“They say home is where your heart is, and mine lies among the stars, across the universe.”
The expanding universe, the immensity and eternity of the sky, the exhilarating realization that we are nothing but stardust, floating in the shores of the cosmic ocean.
“I know nothing with any certainty, but the sight of stars make me dream” - these words echo within my soul, immaculately encapsulating the fervent zeal that resonates within me.
When you’ve dreamt about the starry heavens your whole life, the fact that the celestial wonders aligned on the day the heavens created you, feels…ethereal.
Was it a mere coincidence that as I stepped into my eighteenth orbit around the sun, a new year of my earthly existence kicked off with a cosmic symphony of events - the dance of fireballs in the form of the Quartinoid meteor shower, coinciding with the parhelion, when the Sun’s the nearest to the earth that’s rushing away at its fastest!
The highs, the rush you feel when you’re chasing after shooting stars, the streaks of light - the fleeting wishes whispered by the universe’s grand fireworks. It was as if I could feel the weight of the stardust in the depths of my bones.
The warmth of the sun’s rays on your skin, the soft glow of the sunlight amidst the cold winter winds, the cosmic intimacy almost as if you could hear Helios, the Greek Sun god whispering secrets of the universe, a celestial embrace…
Carl Sagan in his “Cosmos”, eloquently described that the universe is not merely a collection of celestial bodies, but a “story written in the language of stars.” He liked to believe that universe is pretty big space; if it’s just us, it seems like an awful waste of space.
The universe is like a realm of contrasts. The raging fire of the sun, the chilling indifference of the void, the galaxies, strewn like sea froth, drifting endlessly in the great cosmic dark. And oh - the black holes, the darkness that fascinates everyone.

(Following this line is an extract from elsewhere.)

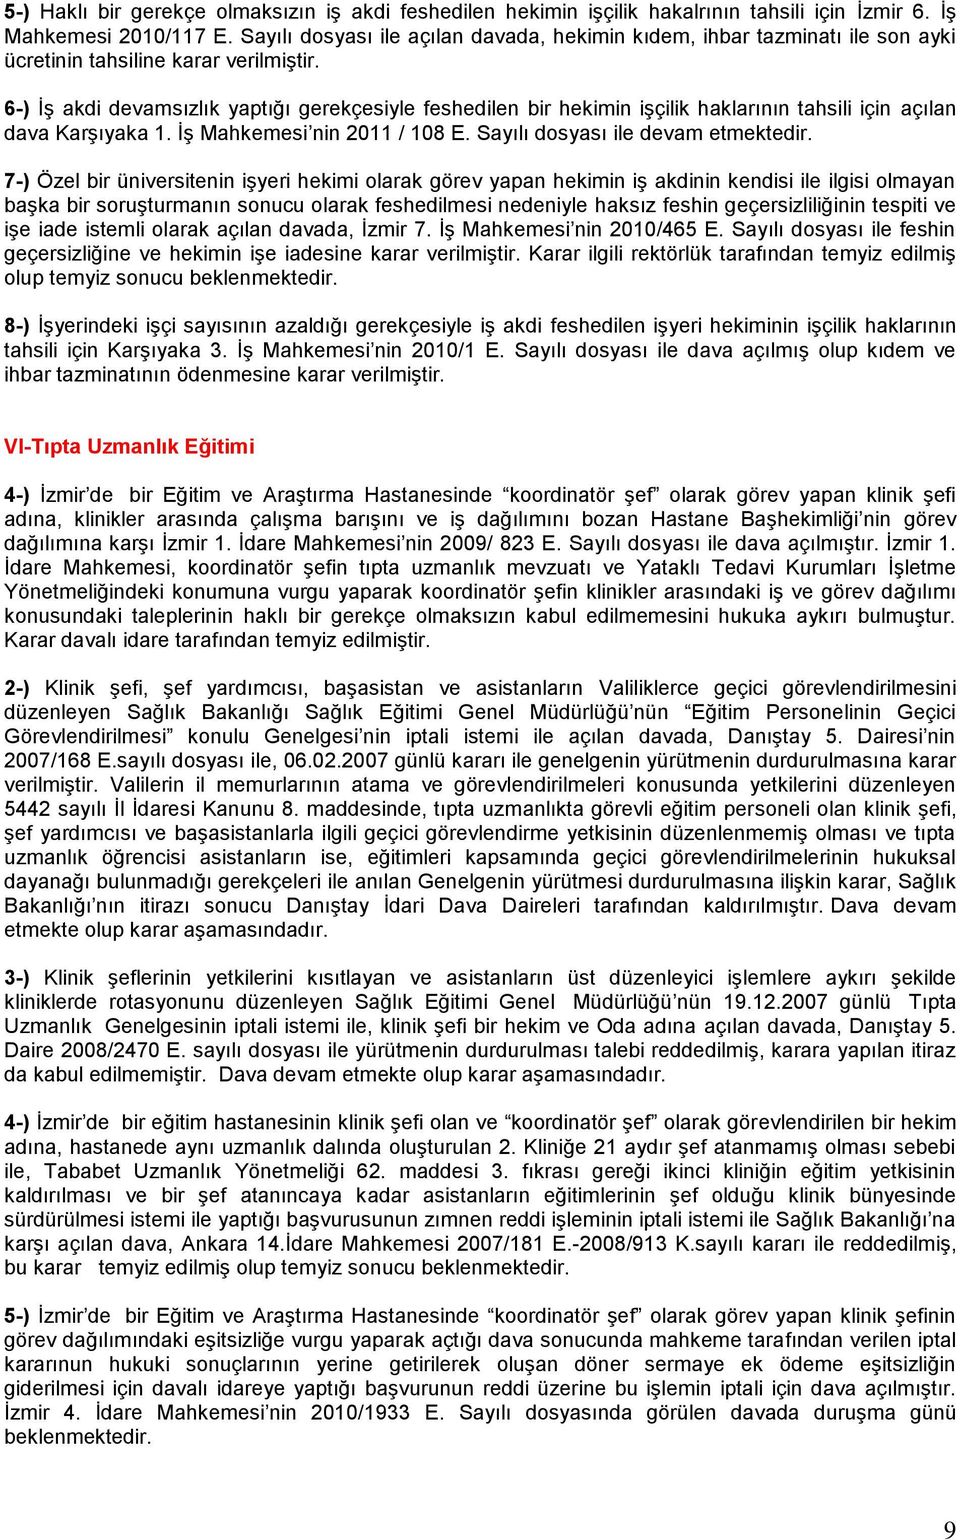 6-) İş akdi devamsızlık yaptığı gerekçesiyle feshedilen bir hekimin işçilik haklarının tahsili için açılan dava Karşıyaka 1. İş Mahkemesi nin 2011 / 108 E. Sayılı dosyası ile devam etmektedir.

Staring into the abyss of a black hole, not the sort filled with despair that we forge for ourselves, but the crushing remains of those stars, a million times bigger than our Sun. Black holes are so tragically beautiful, a graveyard of stars, where the forces of gravity are so intensely strong, threatening to swallow you whole.
I wonder what it would be like to be trapped in this world of sheer darkness, where days turn to years, where all that you were is nothing but a bunch a fleeting memories. The stars collapse into themselves (into a super-dense point of singularity) with a deafening rage when they run out of fuel. The walls of confinement (the event horizon) that even light cannot escape, so yes, black holes are kinda invisible.

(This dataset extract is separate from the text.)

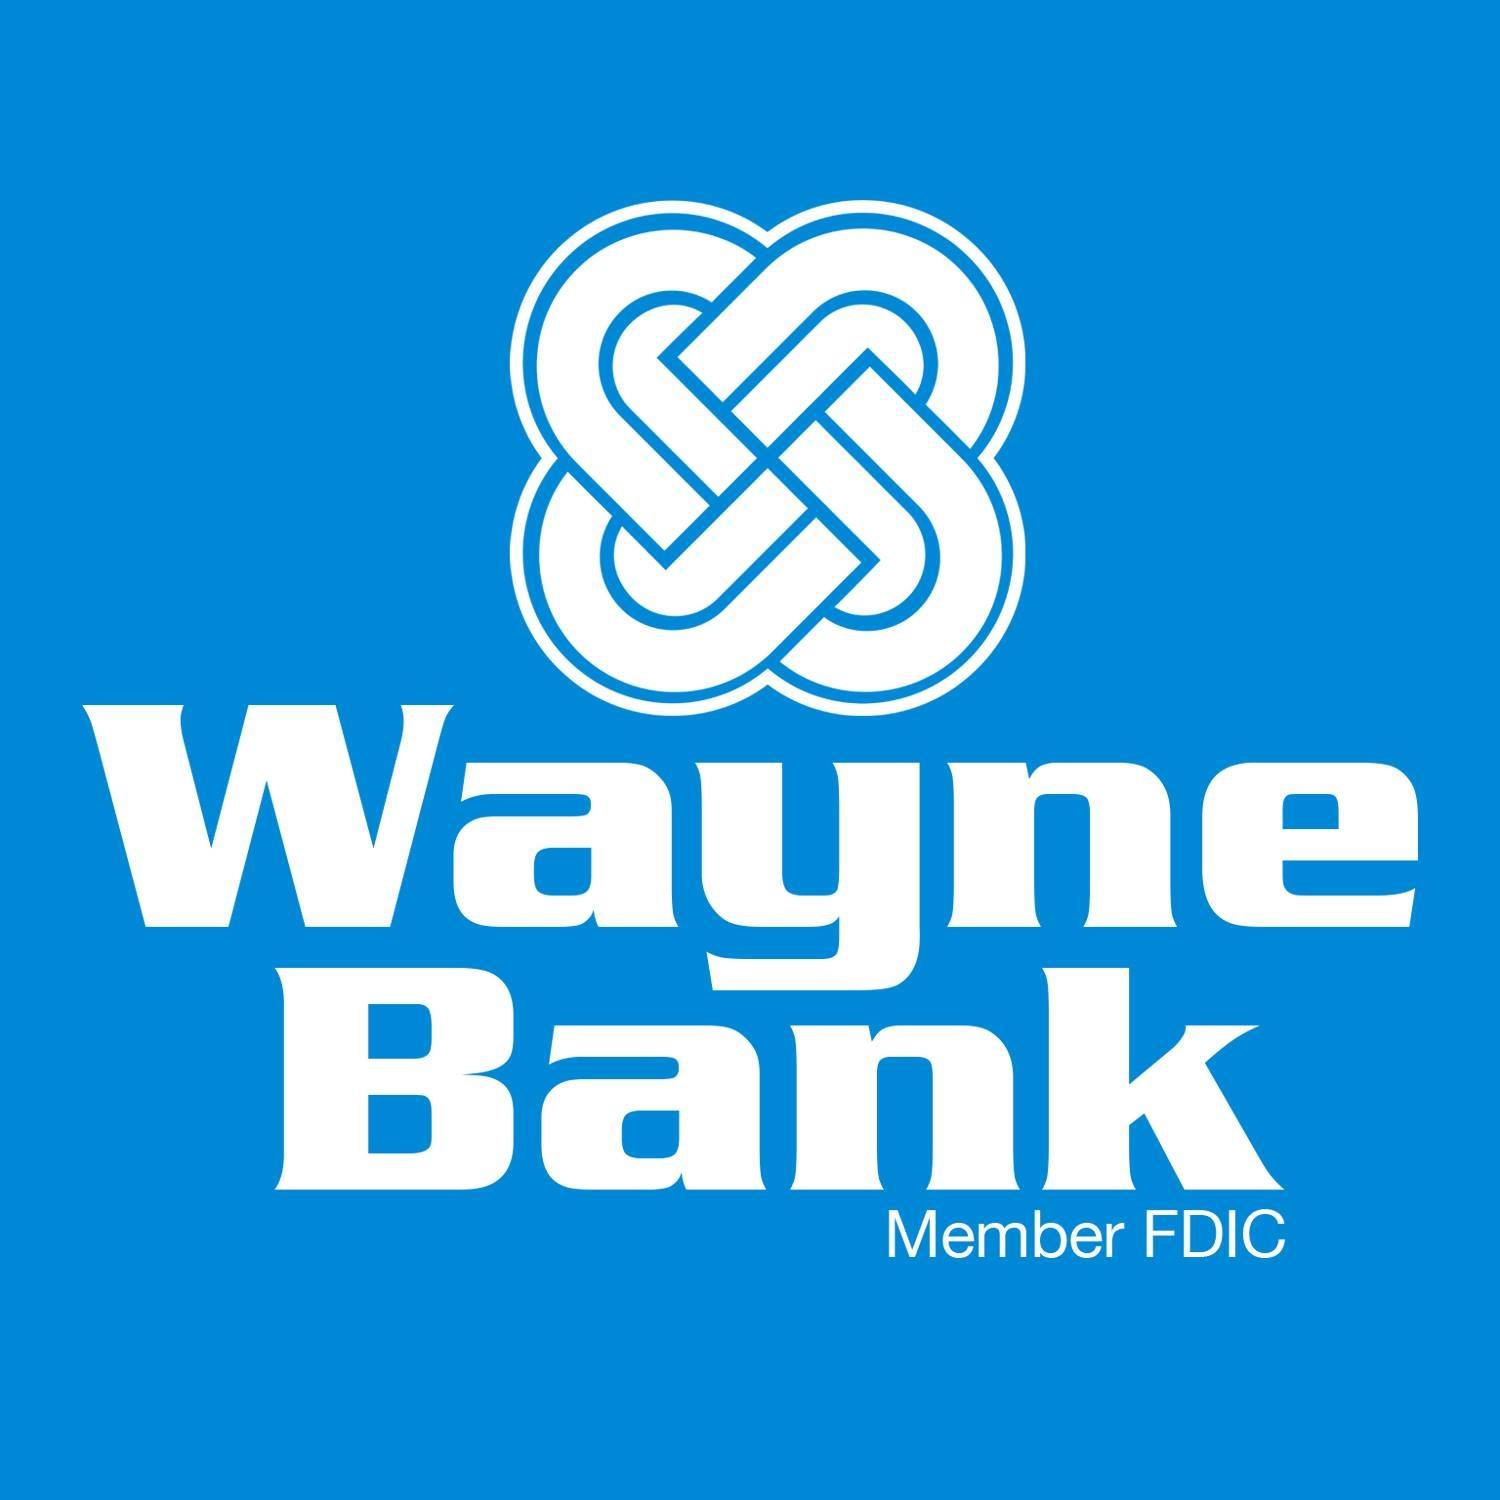 Wayne Bank logo

The space is filled with paradoxes, the vastness stretched to infinity, you can’t help but be overwhelmed by the mere size of it all.

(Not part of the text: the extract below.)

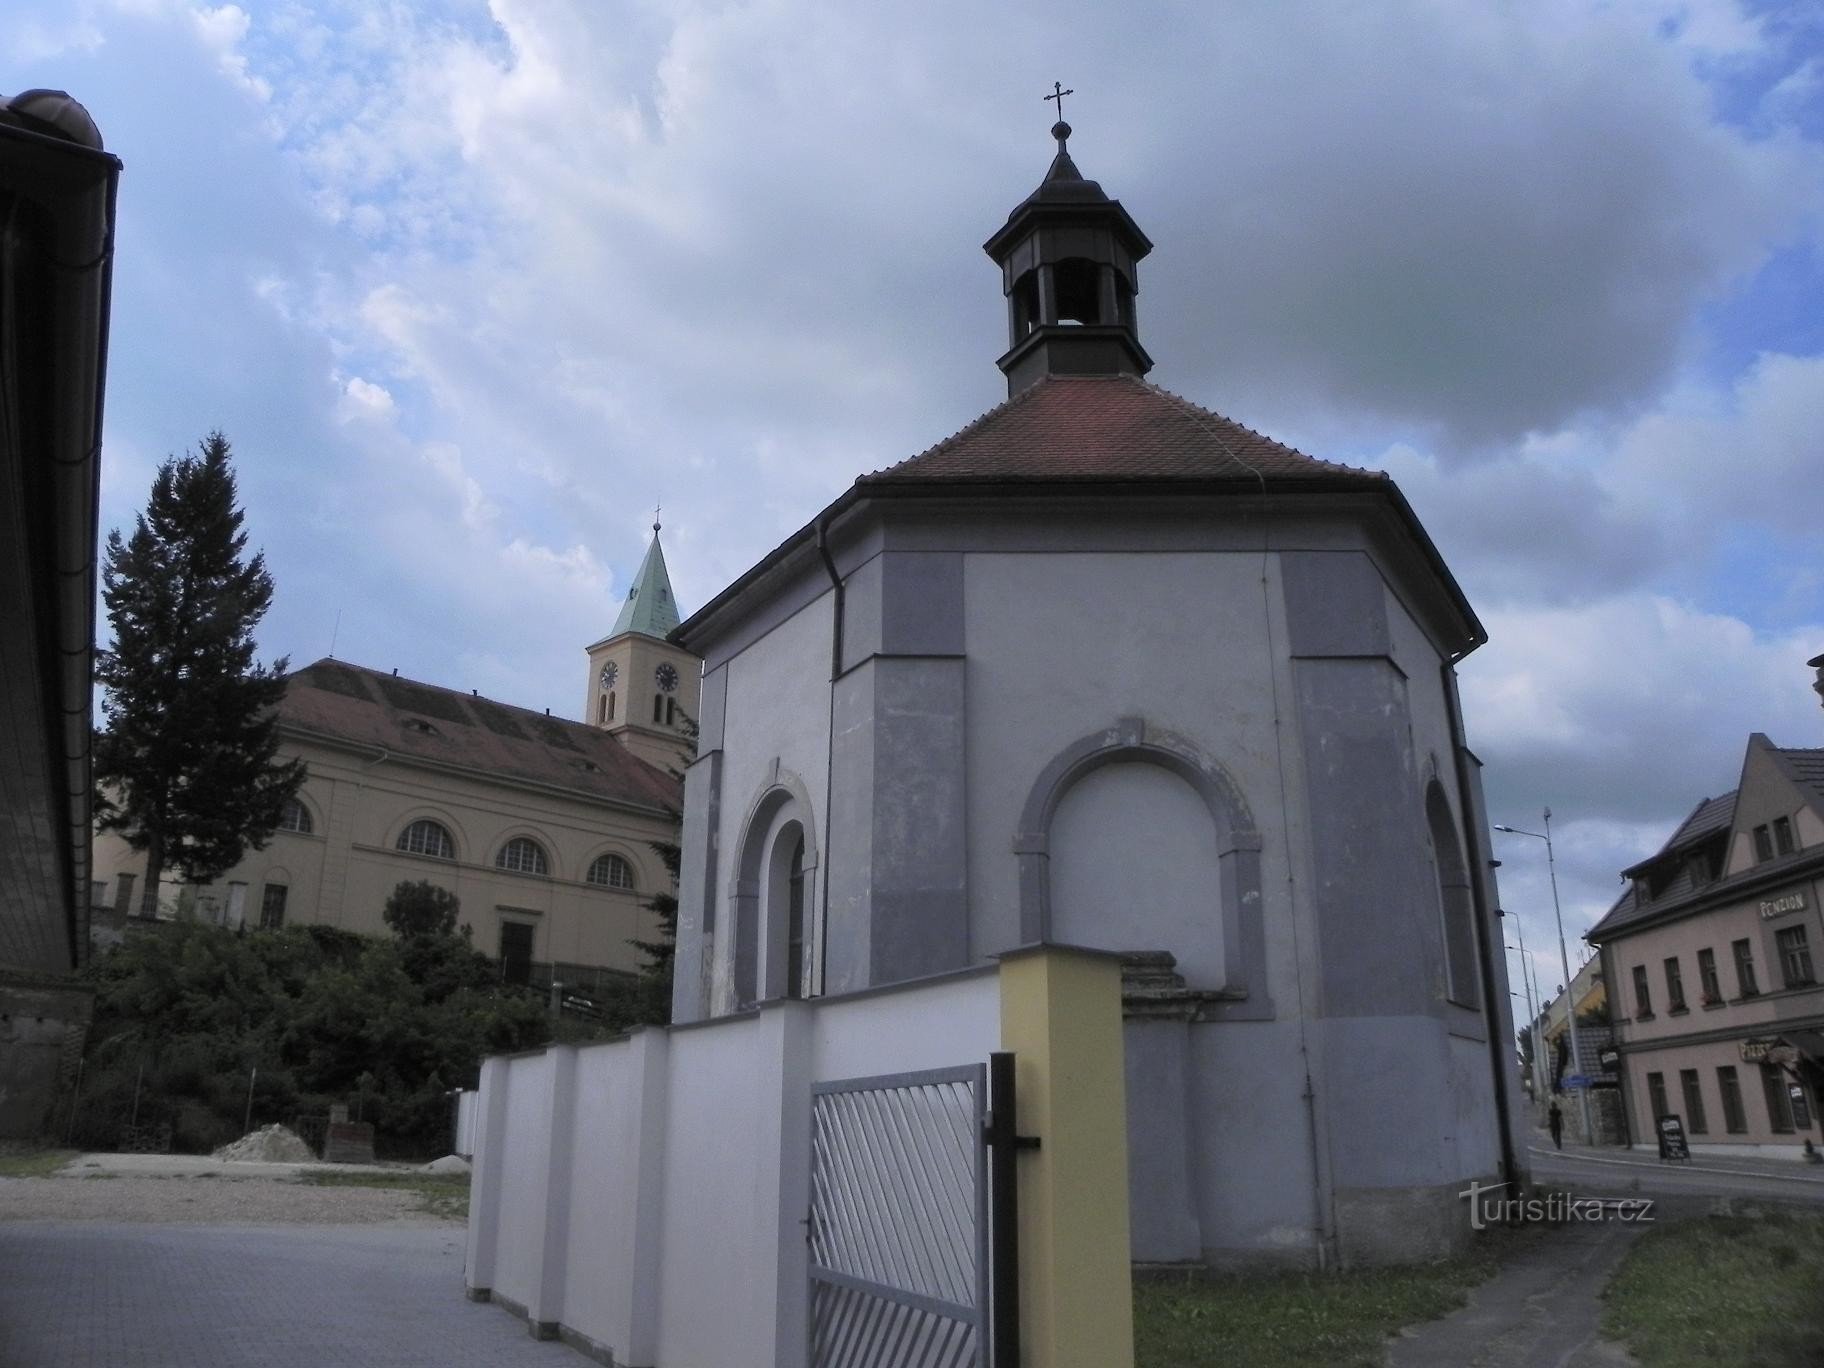 Stod, église et chapelle St. Venceslas

“You are floating through space on a giant rock that circles a ball of fire next to a moon that moves the sea and you don’t believe in miracles?”
What Are Black Holes?
Black holes are like black voids in space. A massive dead star that has such a gravitational field that even light cannot escape, any light that’s emitted from the star is pulled back by the forces of gravity. We can’t see such stars as the light rays will never reach us.